We were supposed to get up at 4am, but didn’t get vertical until 5. We descended over the desert, which was covered in mist and saw the sunrise. It was so pretty. Even though it is hot and dry, the desert really can be beautiful. Between all the tarantulas and rattlesnakes that I still have not seen. We crushed out nine miles in under three hours and got to the Acton KOA to see Coppertone there! We got some of his delicious rootbeer floats and cinnamon rolls. He always has cinnamon rolls, I love it. There is just so much to love about this trail. This narrow, 2,650 mile long sandy thing. The community it has created and the adventure it provides is unbeatable. You can hurt, a lot, but your brain tells your body to press on, and somehow you can. You can overrule the pain and get to the next amazing thing. Our conscience is so powerful out here and I don’t think we would get very far without it.
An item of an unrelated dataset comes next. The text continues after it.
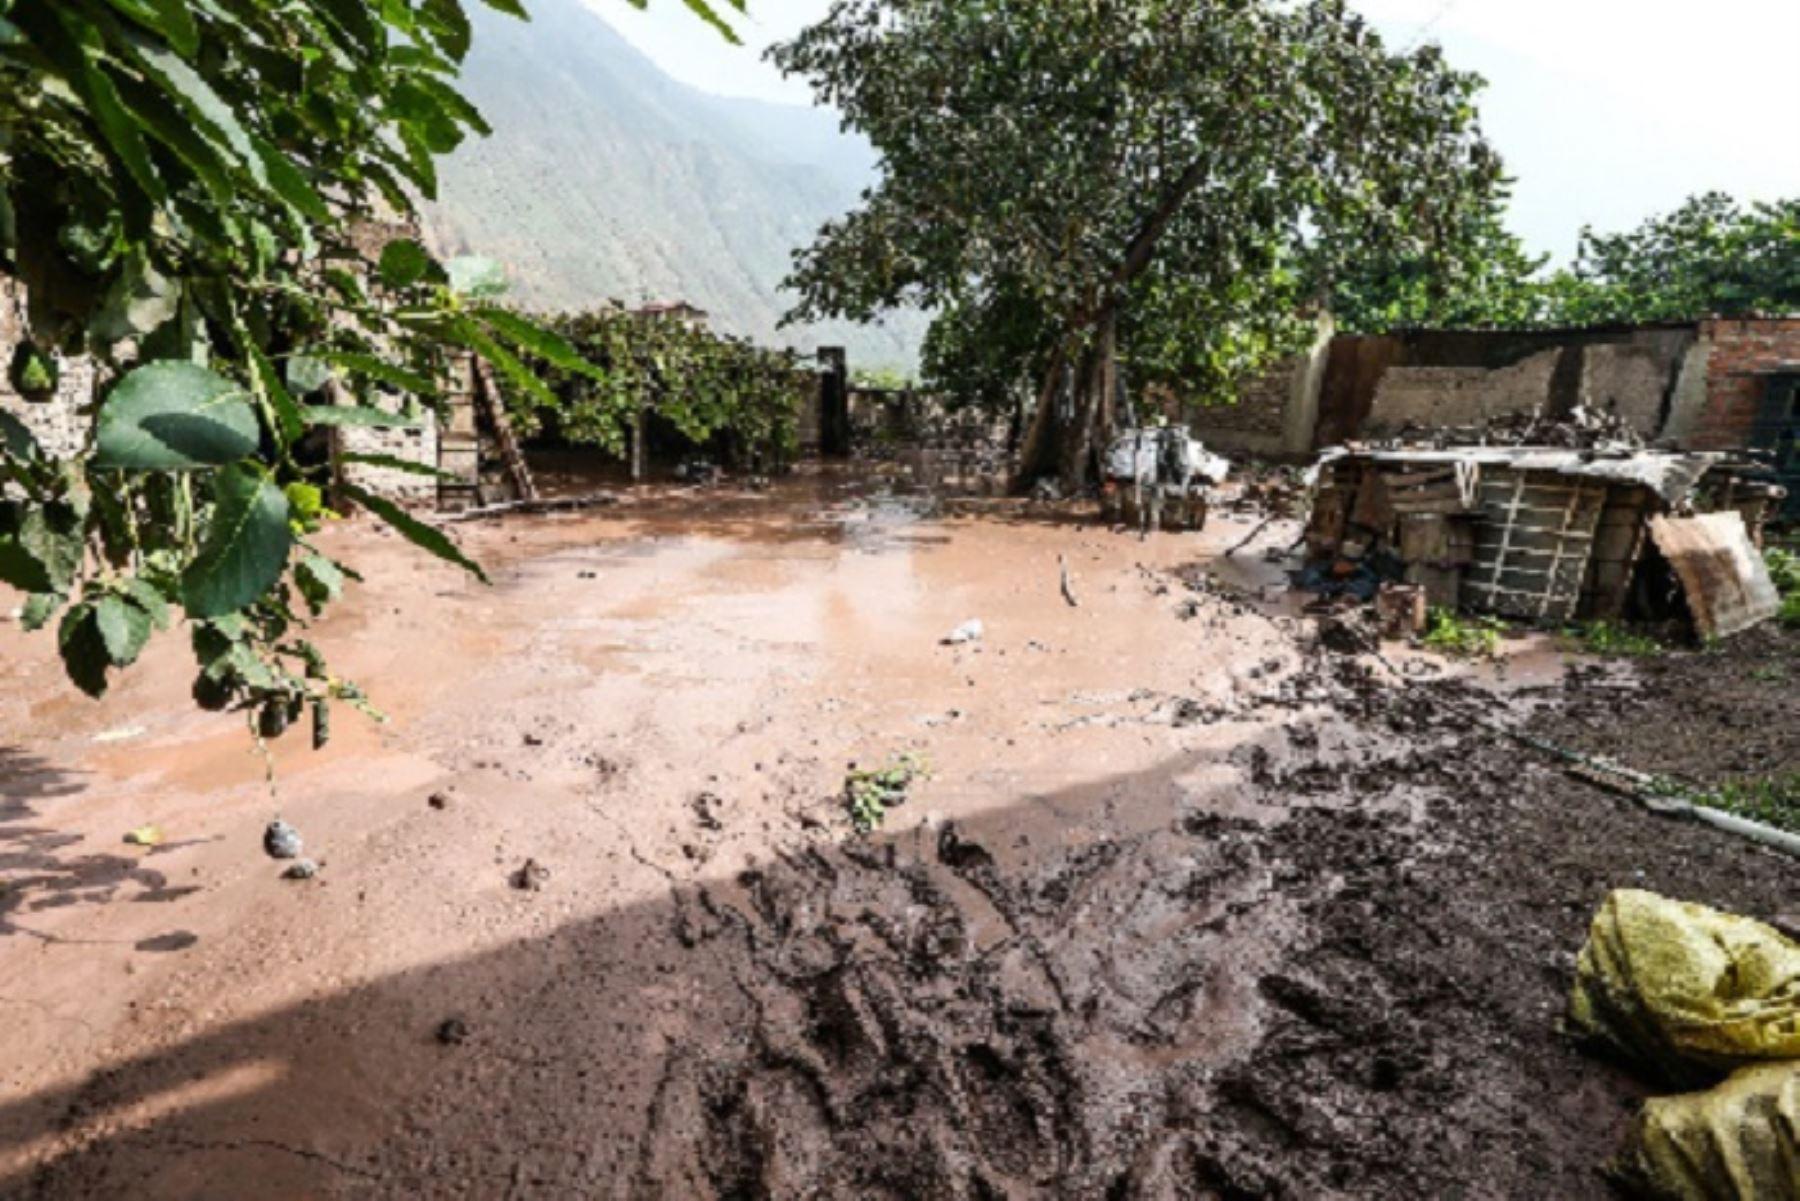 Un total de 213 distritos situados en la sierra (180) y selva (33) del país presentan un riesgo muy alto de la ocurrencia de huaicos, deslizamientos o movimientos de masa ante el inicio de lluvias para ambas regiones anunciadas por el Senamhi, estimó el Centro Nacional de Estimación, Prevención y Reducción del Riesgo de Desastres (Cenepred). ANDINA/Difusión

I did a lot of what I am going to call “roller coaster walking”. Where I kinda lose control of my feet and they just go, a but out of control. It happens a lot on the downhill and I have to reel myself in so I don’t hurt my knees. It didn’t help that the trail was also like a roller coaster: lots of really, steep, short downhill sections immediately followed by steep uphills. It was kinda fun to walk but I had to keep reminding myself to stay in control.
After the magic we did the last ten miles to Agua Dulce. My left tendon on the front of my ankle decided to cause me a lot of pain, but like I said, your brain says ignore the pain and keep moving so your body does. This was a sweet section and I was still able to appreciate it through the pain I was ignoring. We crossed under highway 14, and I mean WAY under highway 14. You could see the end of the tunnel but not a hand in front of your face it got so dark. Super trippy. And when we emerged, we were surrounded by these crazy rock formations. Unlike anything we had passed.
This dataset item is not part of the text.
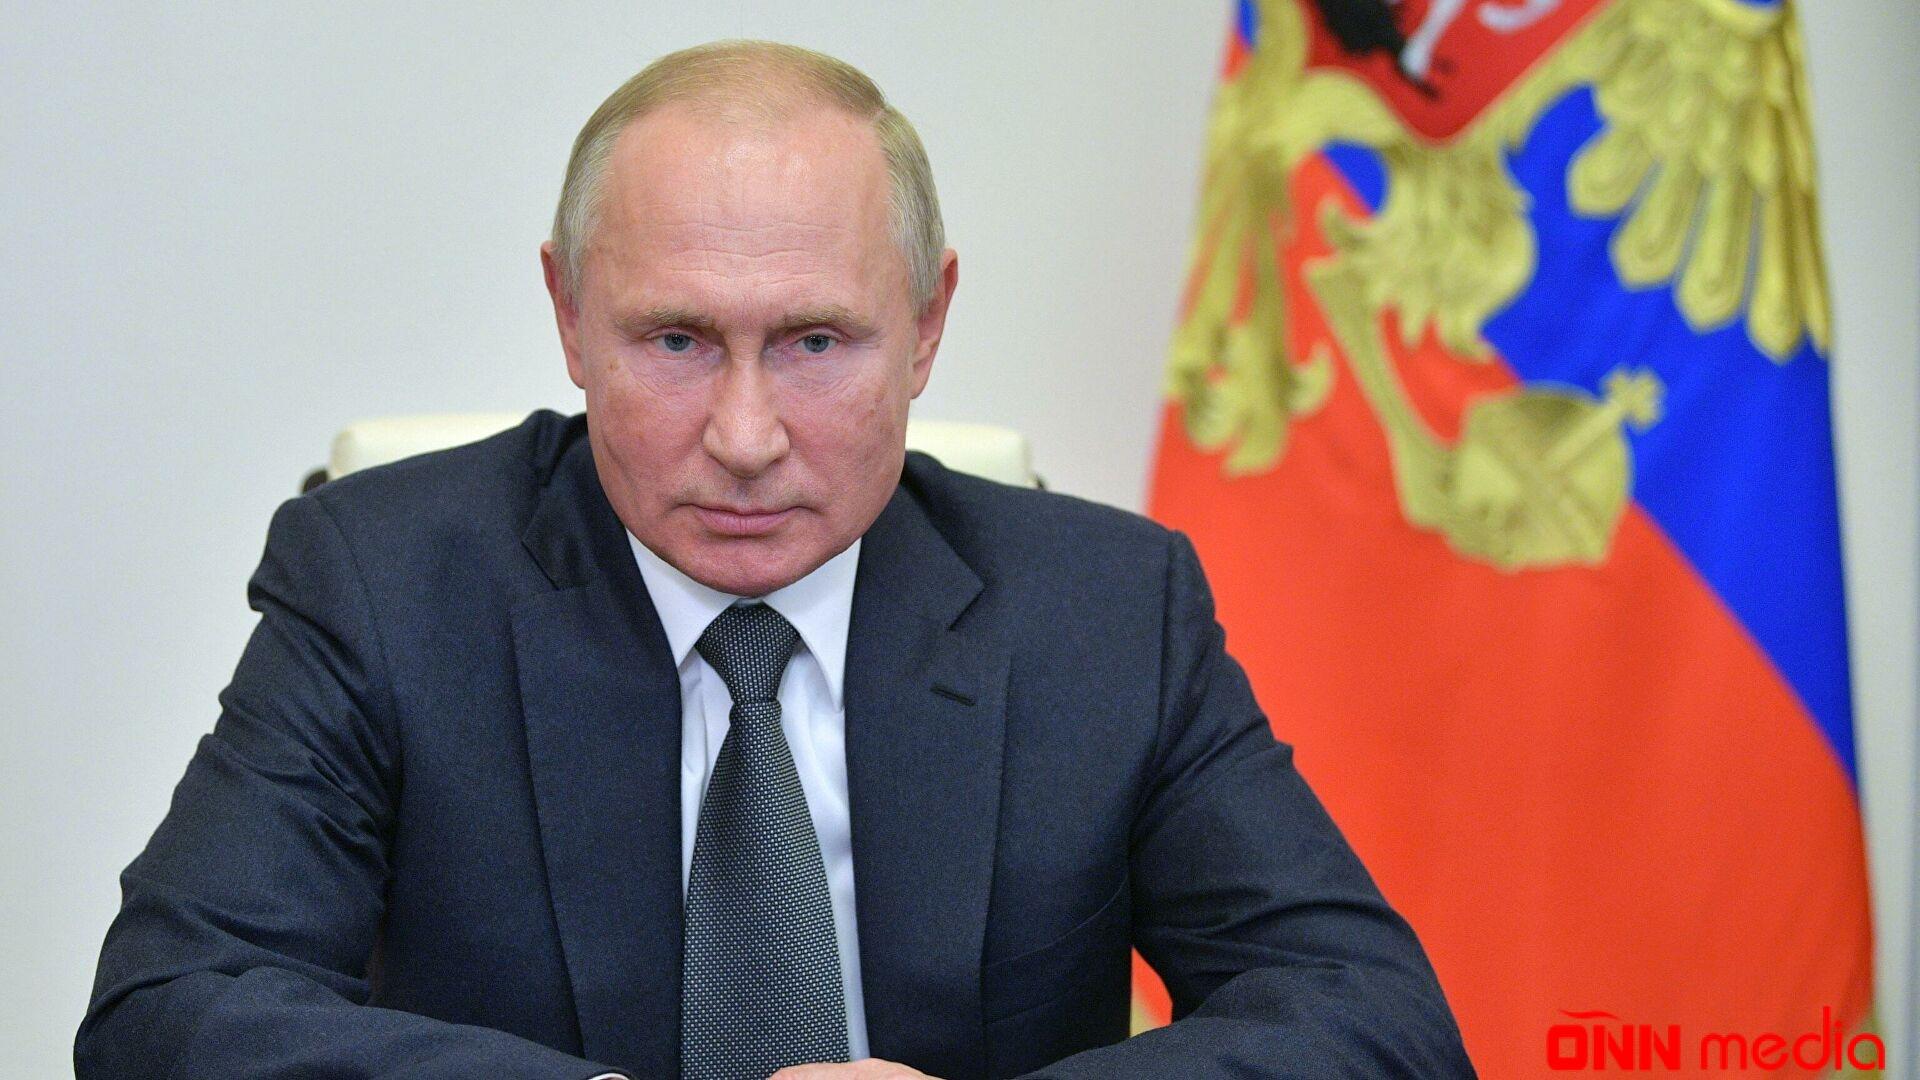 Putin onunla Donbasdan DANIŞDI

We got to town and this pick-up truck was dropping off a bunch of hikers in town. It was the Hiker Heaven truck! And I saw some of the people I had hiked with! Not my tramily, but others. I thought everyone would be so far ahead. Goodbyes are the worst and reunions are the best. So awesome to see Moonburn, Curiosity, and Jill. They were headed back to the trail, but I got to Hiker Heaven and gotta see more people! Blis and Black Swan were there, and so many other people. I read their registery and Pony Express and fam had left the DAY BEFORE! Registeries are so fun cause you get to see how far ahead your friends are and who you might catch up too. I want to catch them so bad, but the people I have been hiking with are great but they are so close but my ankle hurts… I am torn. I can’t believe they are only a day ahead. But I guess when you walk 85 miles in four days, you catch up.
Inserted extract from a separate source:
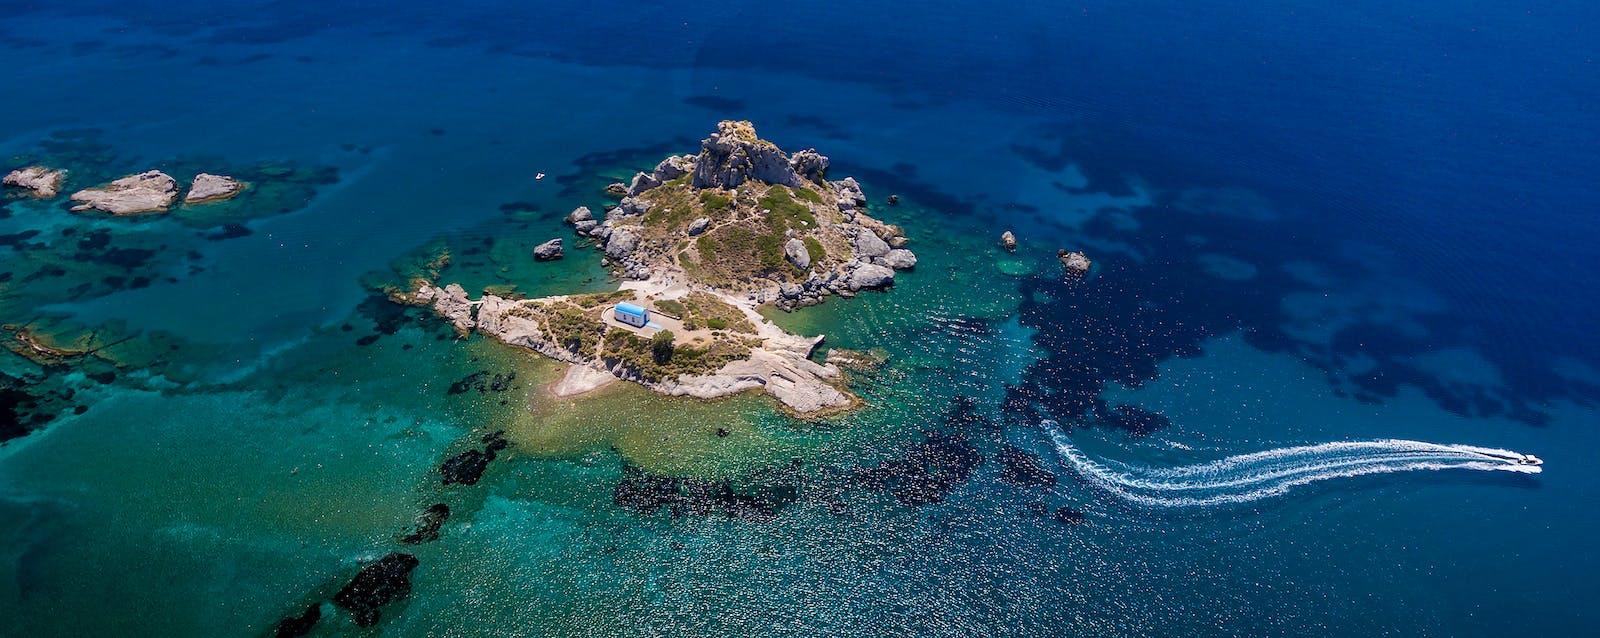 Insel Kastri bei Kefalos, Kos | Griechenland.de

But ok, Hiker Heaven. Oh my god. What is this place? Donna and her husband have been hosting us dirtbags for twenty years and have this system DOWN. Laundry, internet tent (where I have been for way too long writing this blog), sewing tent, and we get their entire back yard to sleep in. They drive us into town every hour and have awesome hiker boxes. I can’t believe this place is real. You hear about this place before you even start the trail and then you actually get here and it is more than you could ever imagine. There is an entire kitchen for us to use and all of us just sprawl on their back porch. They are so hospitable and giving. I slept like a baby and am going to zero here to rest my ankle. Casa de Luna is next and then Tehachapi! Getting close to the Sierras…it’s gonna be interesting.